Missionary Moment: The Fruits of Our Labors

Contributed By By Charles E. Sampson, Church News contributor

  • 8 July 2014

As missionaries, we don’t often get to see what our labors have produced.

I had the opportunity to serve a full-time mission in El Salvador from 1977 to 1979. At that time, the mission covered the entire country. This was also a time of great civil unrest in that country. We had instructions from our mission president to stay in contact with our district and zone leaders, as we found ourselves serving in areas of high risk.

During my service there, my companion and I were able to contact a family and were given permission by the parents to teach their two daughters, ages 12 and 14. After we taught them for about a month, the girls expressed a desire to be baptized. With their parents’ permission, the two girls were baptized. Even though the parents were not baptized, they were very receptive and often sat in on the discussions. Soon afterward, I was transferred to another area and, as is often the case, lost contact with the family and the two girls.

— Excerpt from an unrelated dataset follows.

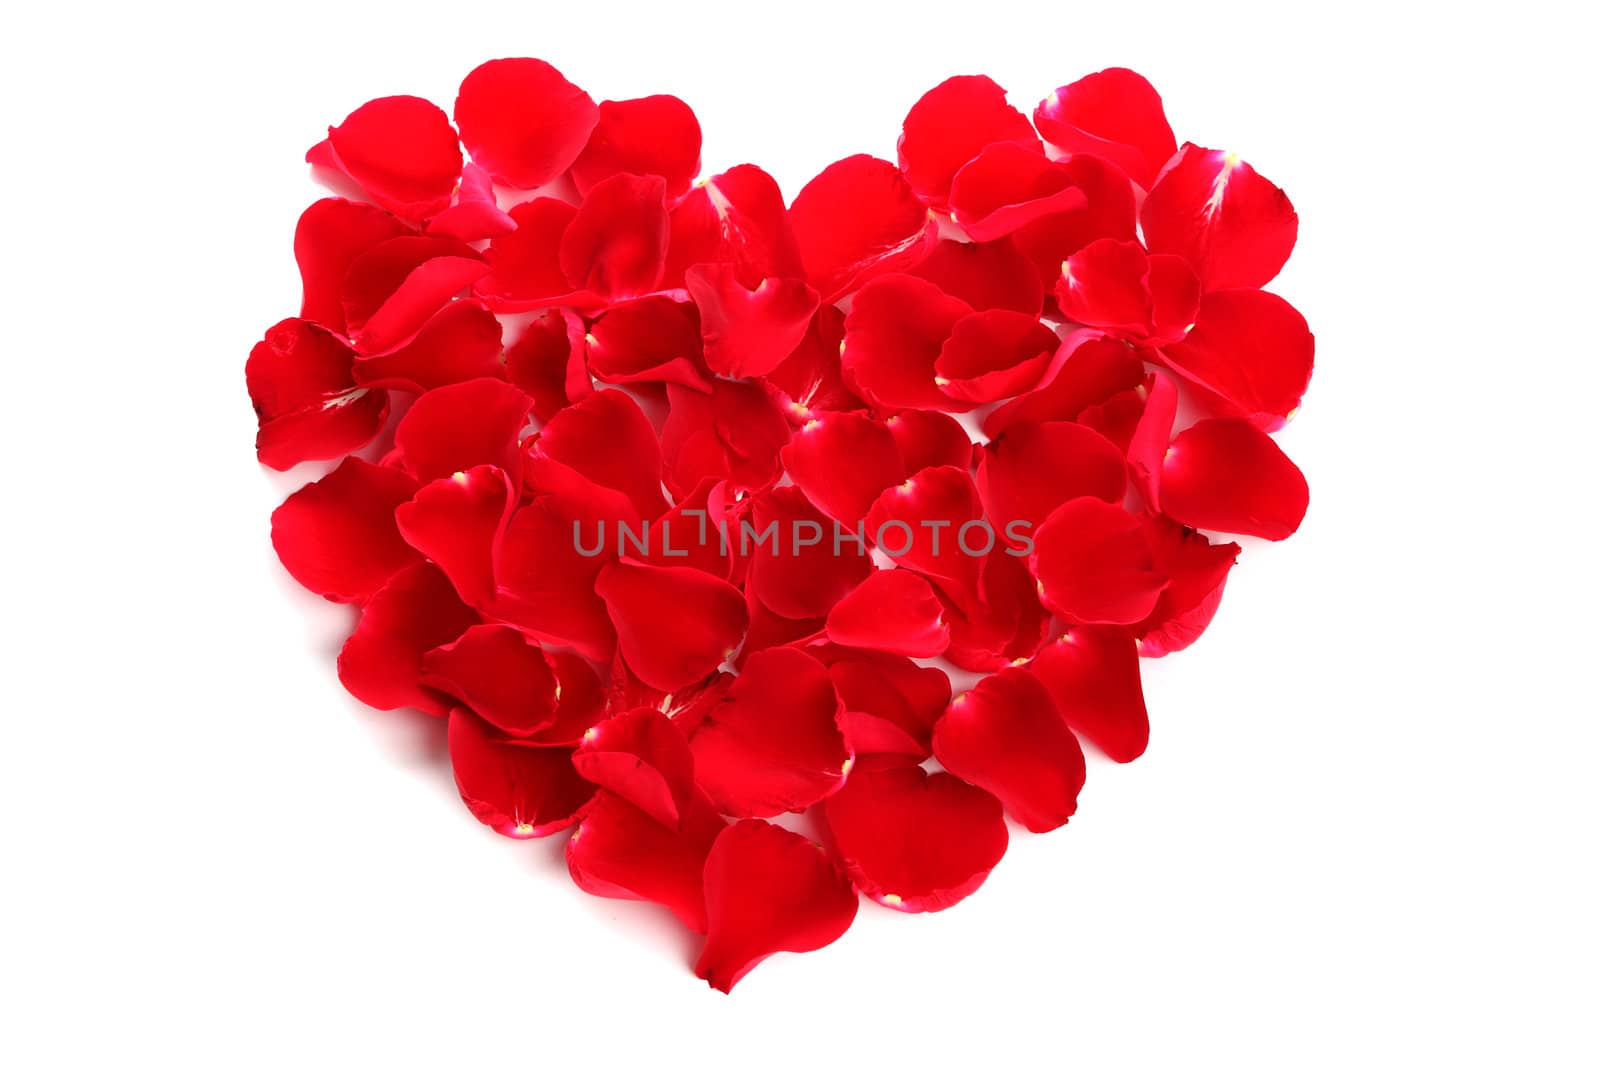 Beautiful heart of red rose petals by posterize

I completed my mission in September 1979, returning to my home in San Diego, California. The mission was closed the following December because of the political conflict, and missionaries serving there were sent to other missions, including the one in Guatemala and surrounding missions in other Central American countries. For the next decade and a half, only local missionaries were called to serve and teach.

In 1992, the mission was reopened, and missionaries from the United States were again called to serve there. My nephew, Elder Greg Haehl, was called to serve in the El Salvador East Mission, one of two missions then in the country. One Sunday, during a branch sacrament meeting, two women came in and asked if they were at a Mormon church. Elder Haehl said that they were, and the women expressed a desire to attend. The elders were invited to their home afterward to meet and visit with the rest of the family. As they were visiting, Elder Haehl was looking through a photo album that the family had out and saw my missionary picture. He said, “Hey, this is my uncle. Why is my uncle’s picture in your photo album?” The mother of the family said that he was the missionary that baptized her when she was 12. She had fallen away from Church activity since then. Elder Haehl and his companion soon taught the rest of the family, and the father and the older children were soon baptized.

As missionaries, we don’t often get to see what our labors have produced, especially those who serve in foreign countries. I will always be grateful to my sister for sharing this story with me while her son was serving in El Salvador.